▶ [DESCRIPTION OF THE TASK] Transcribe each line of the records below exactly, excluding any embedded images.

[Saved data entries]
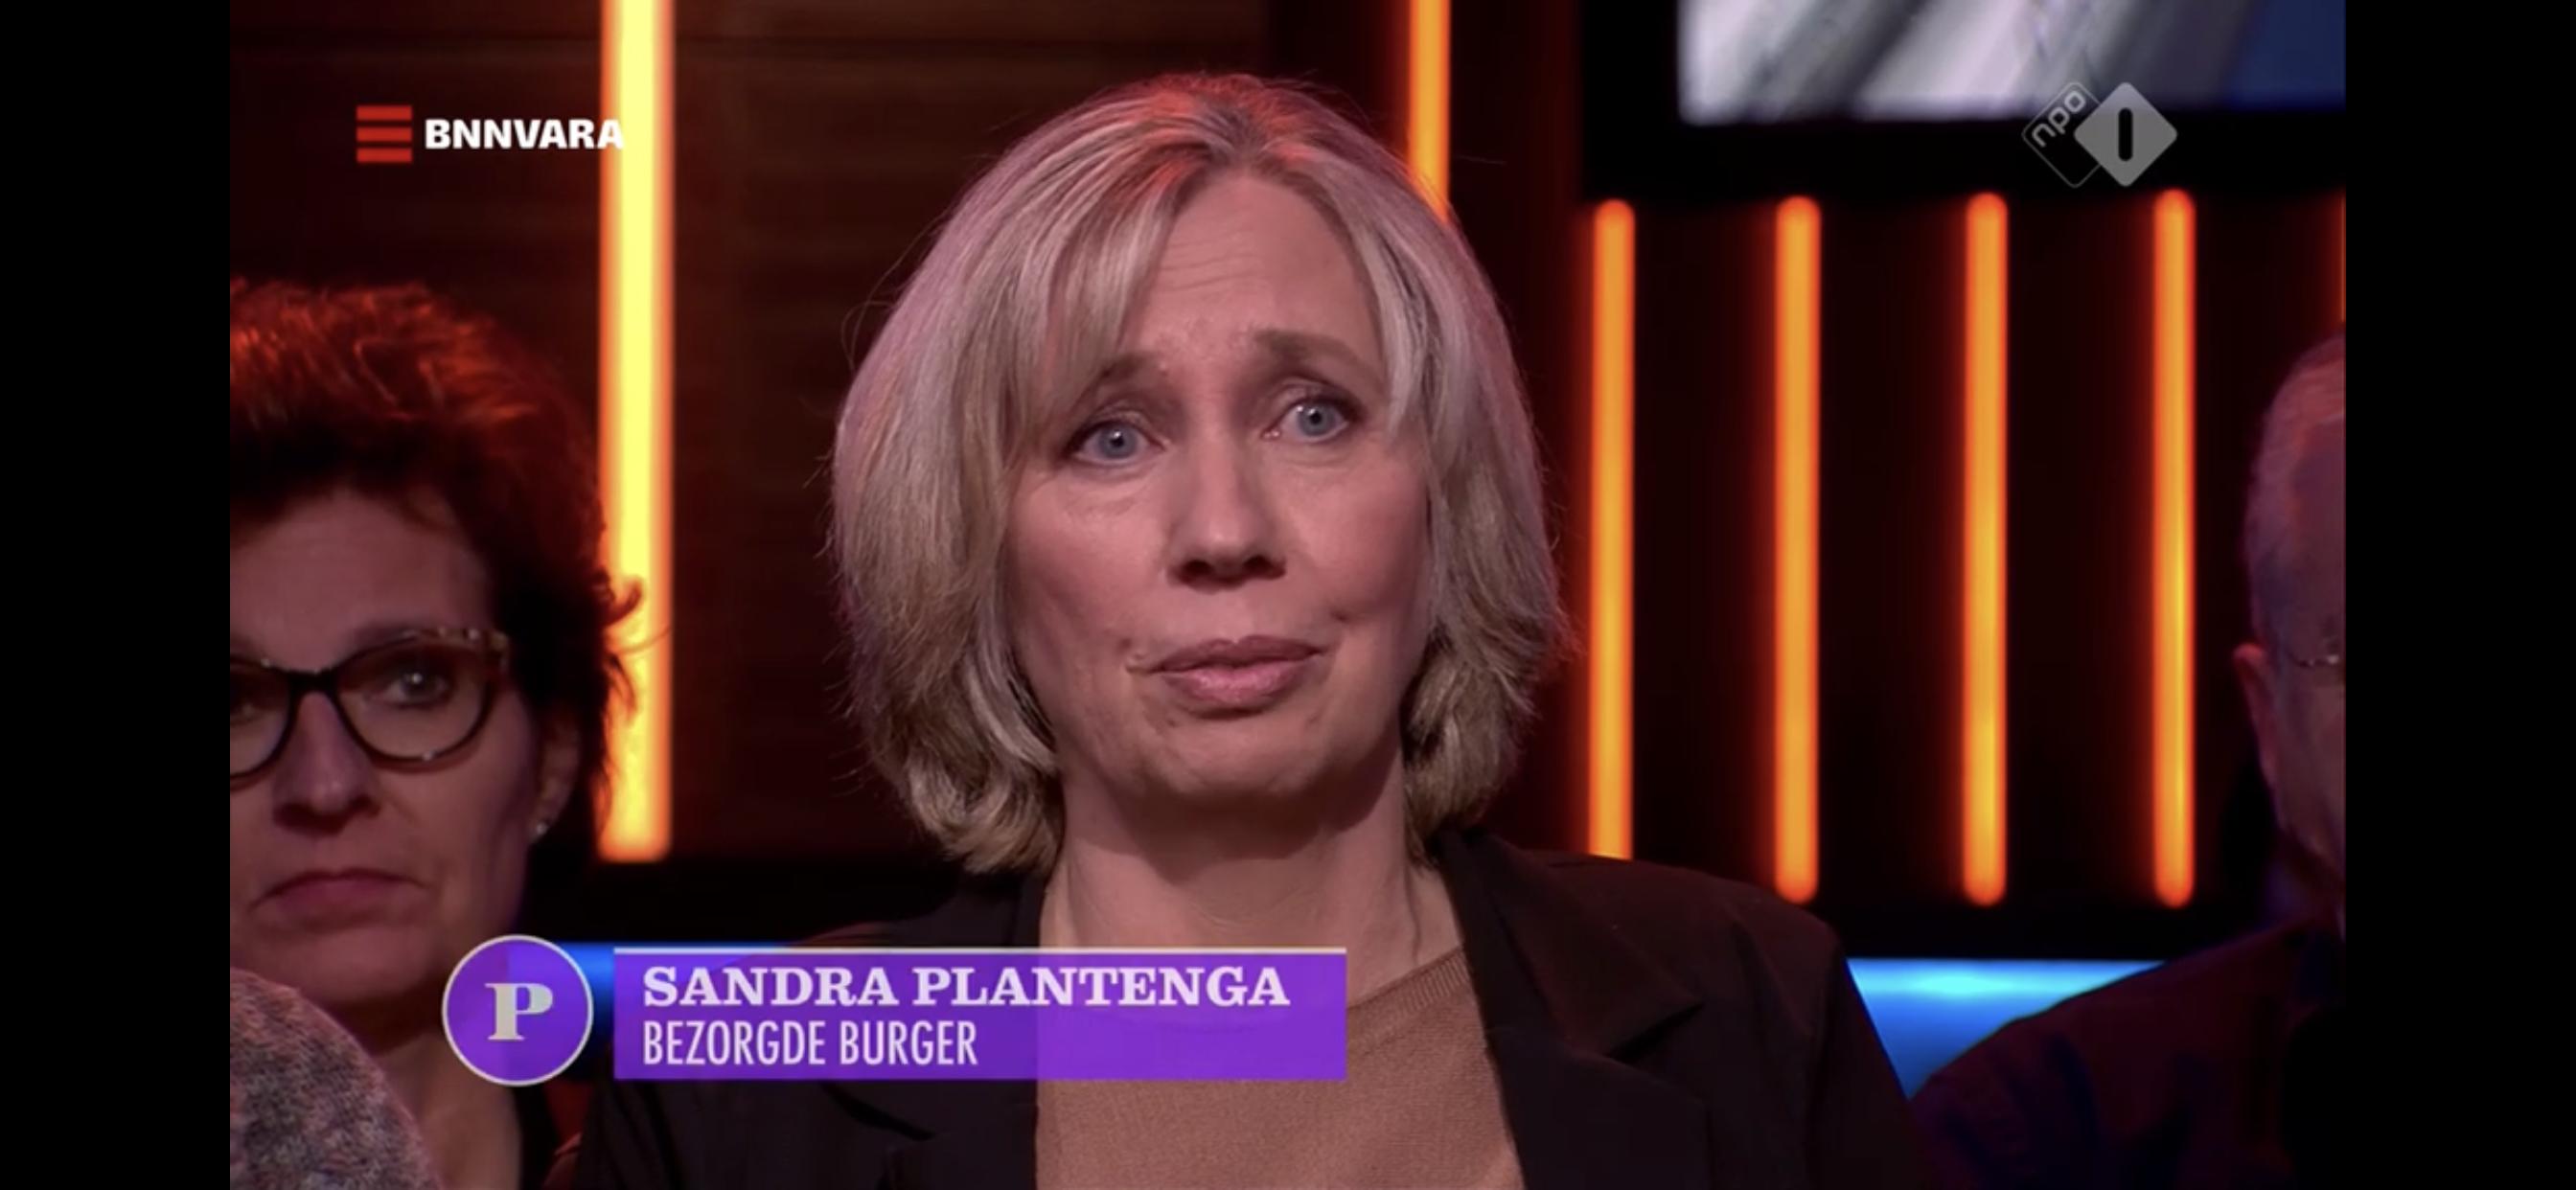 Sandra Plantenga
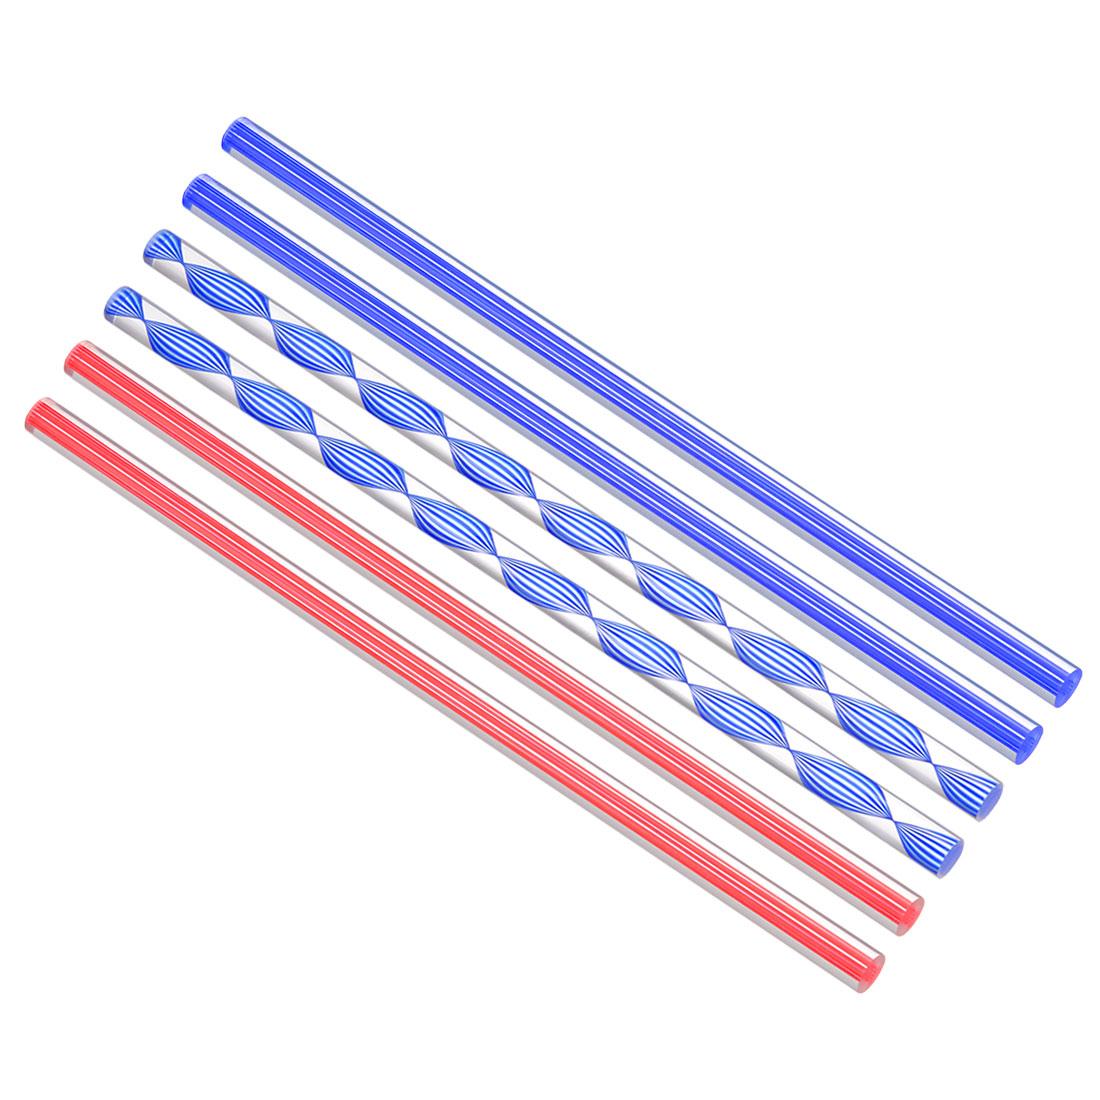 Solid Acrylic Round Rod Red Dark Blue Line PMMA Bar 10mmx250mm 6Pcs
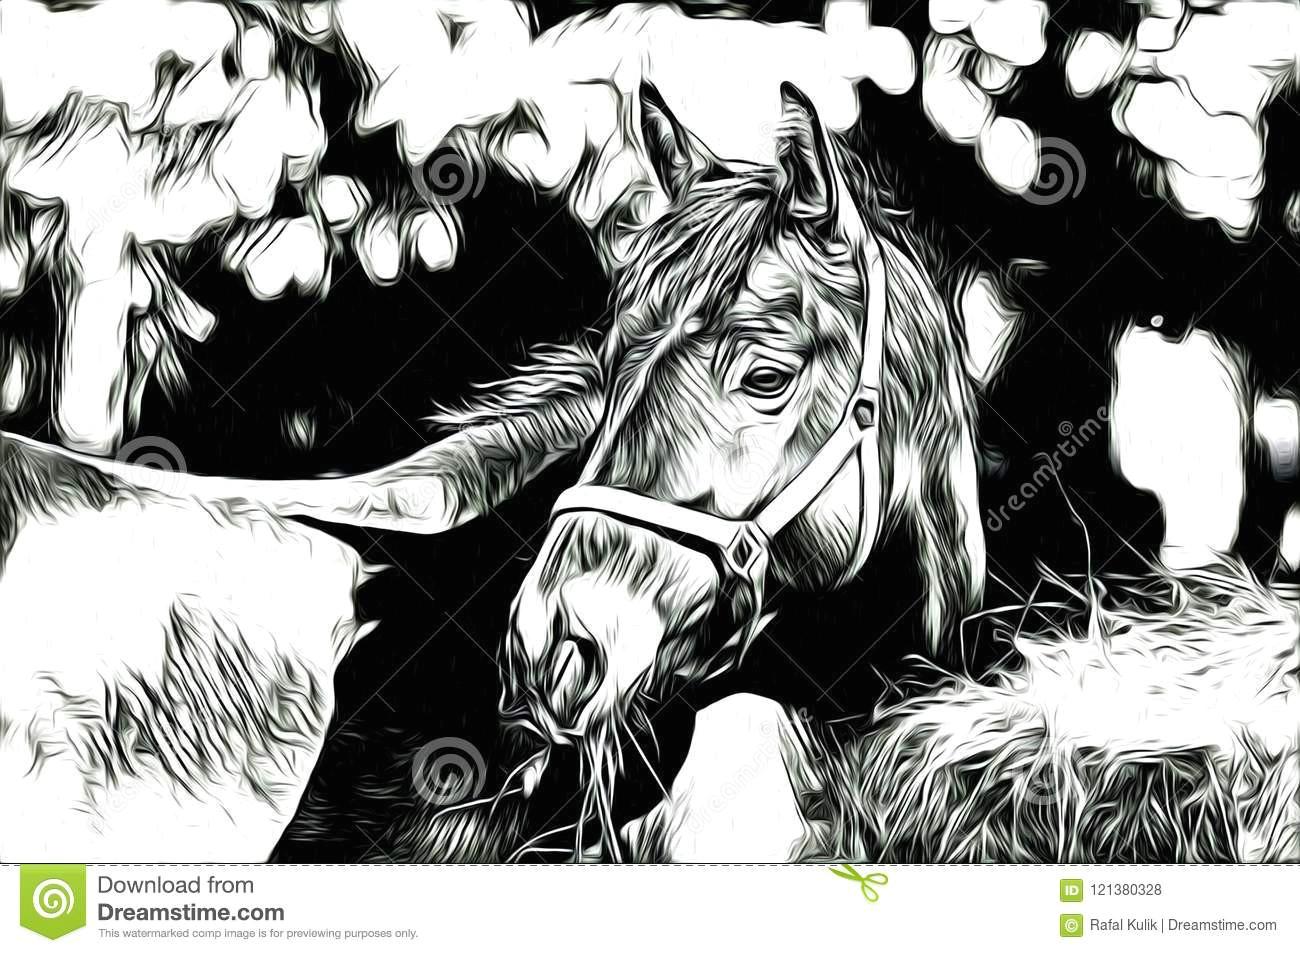 ffreehand horse head art design design illustration good for any design a very funny illustration
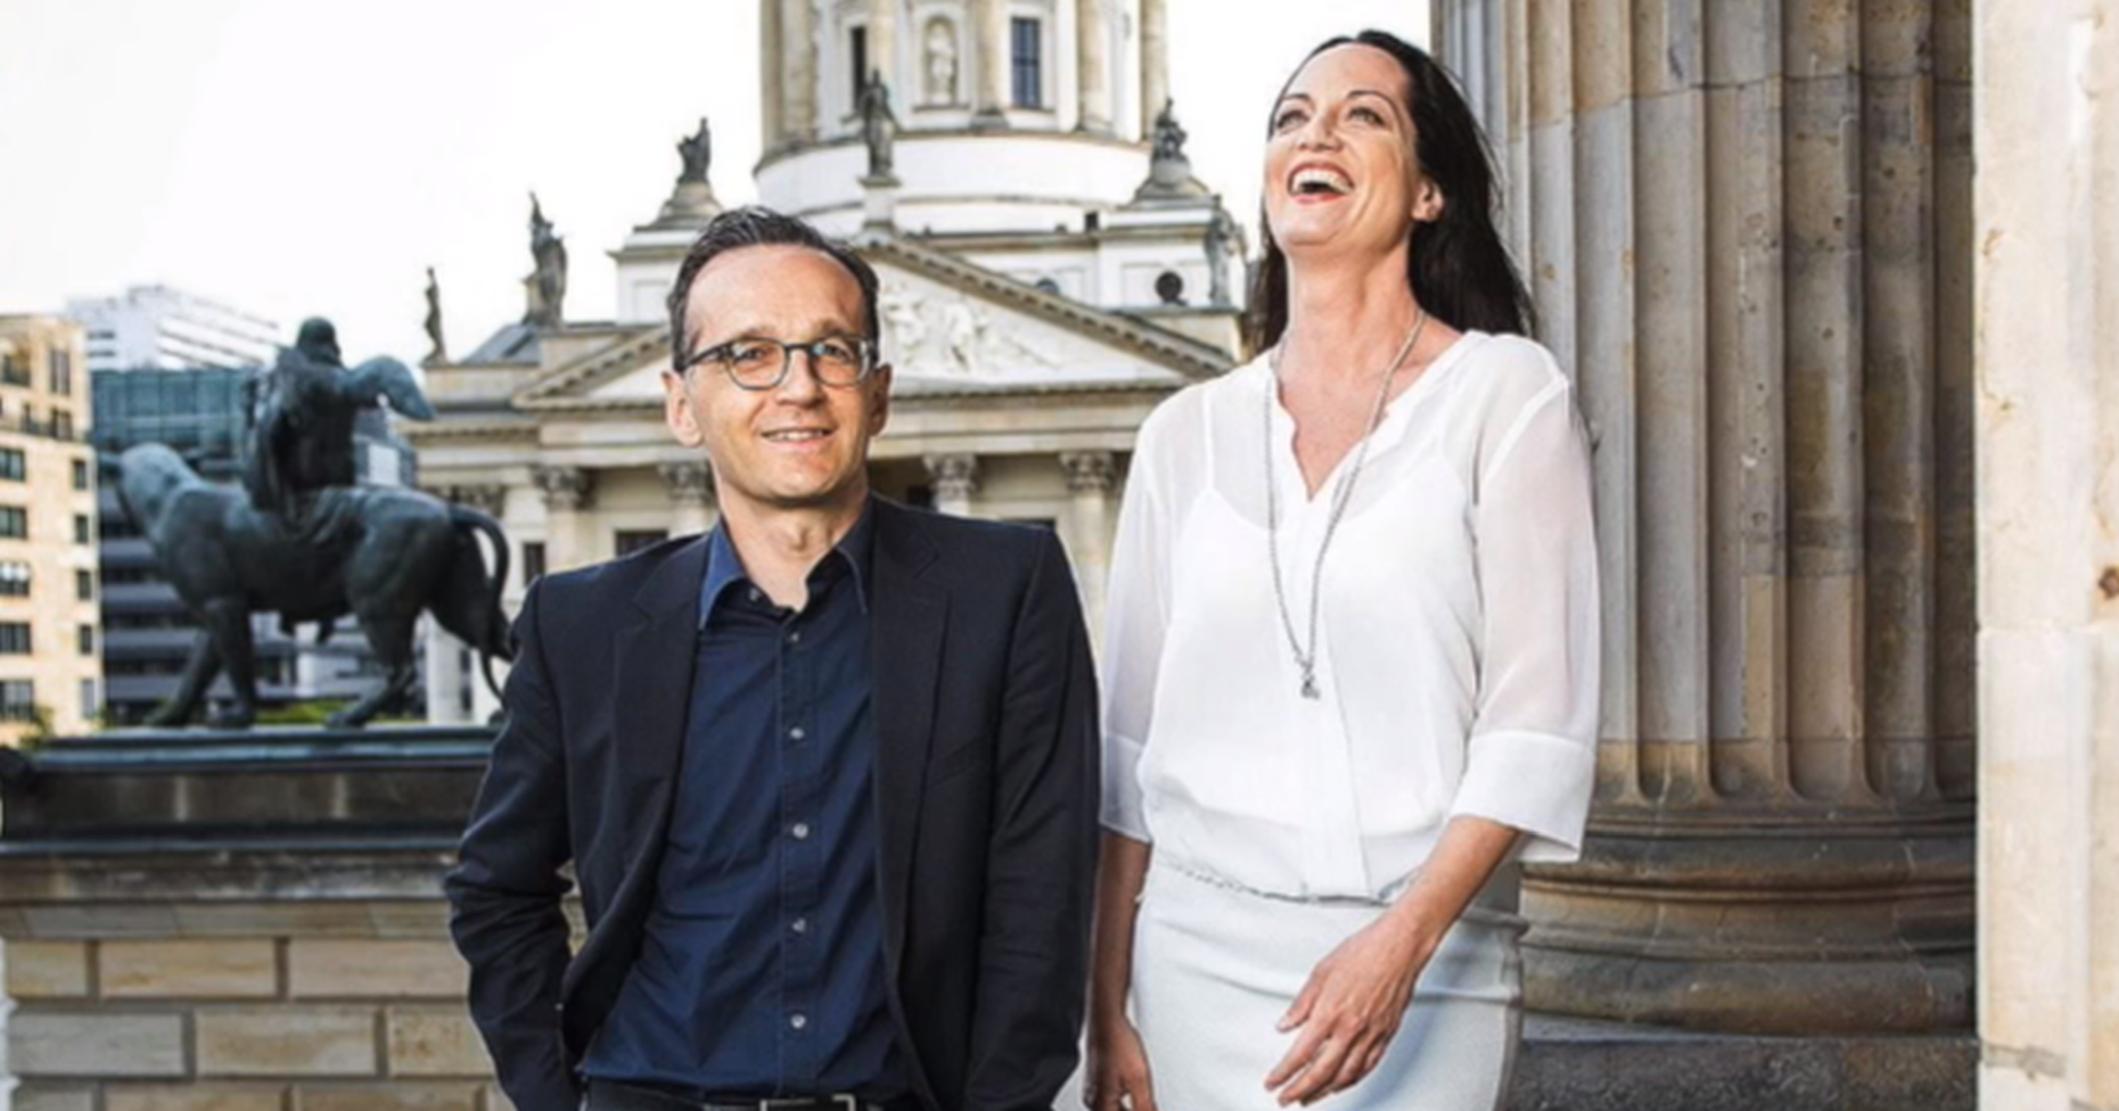 Heiko Maas Und Natalia Wörner
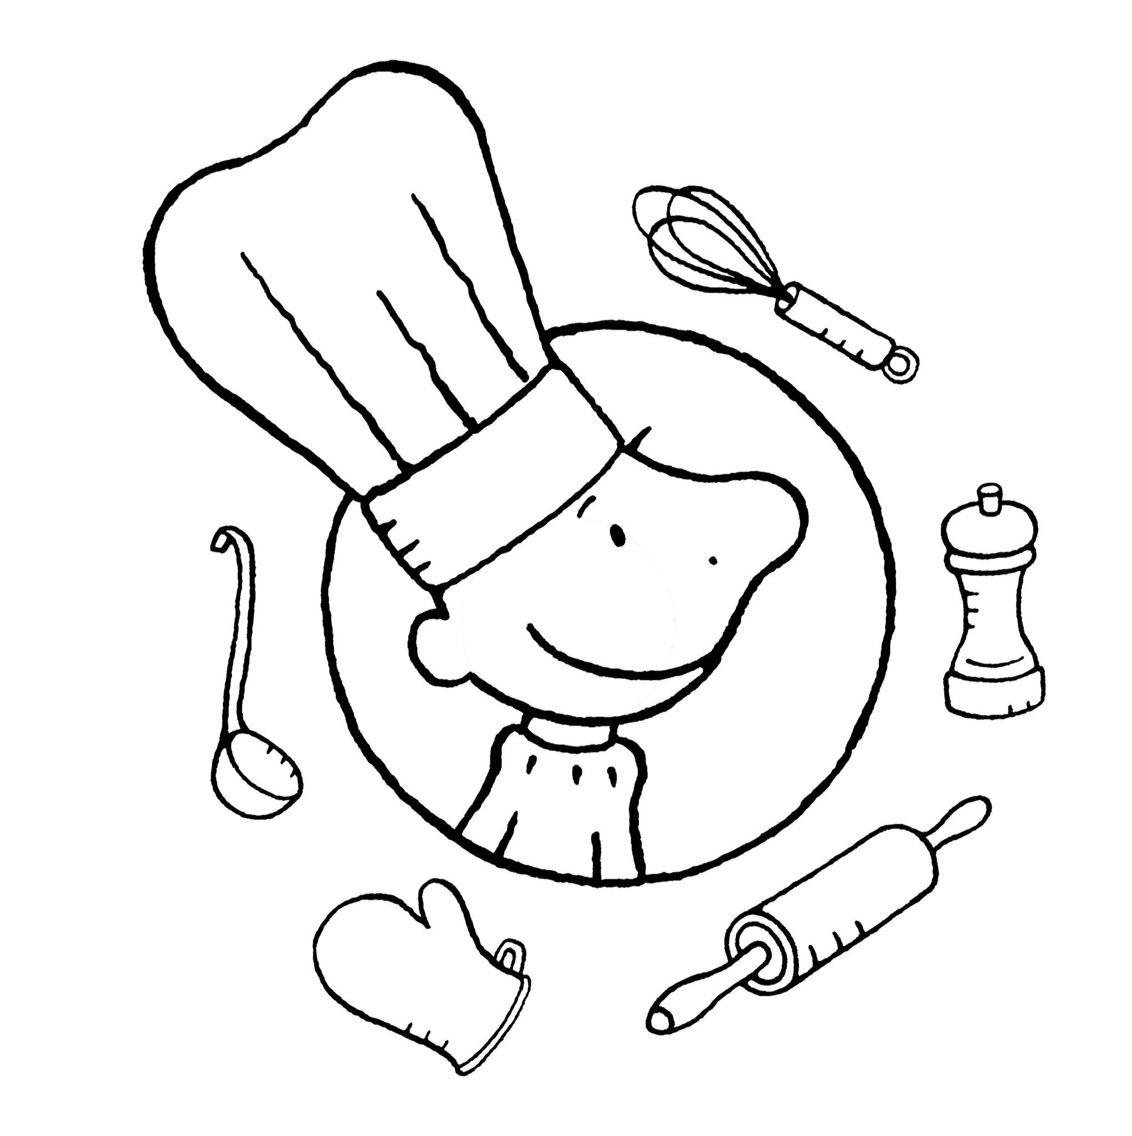 Kleurplaten Koken En Eten.Kleurplaat Jules Koken Jules Food Themes Classroom Themes En

▶ [RESPONSE AREA]
 Sandra Plantenga
 Solid Acrylic Round Rod Red Dark Blue Line PMMA Bar 10mmx250mm 6Pcs
 ffreehand horse head art design design illustration good for any design a very funny illustration
 Heiko Maas Und Natalia Wörner
 Kleurplaten Koken En Eten.Kleurplaat Jules Koken Jules Food Themes Classroom Themes En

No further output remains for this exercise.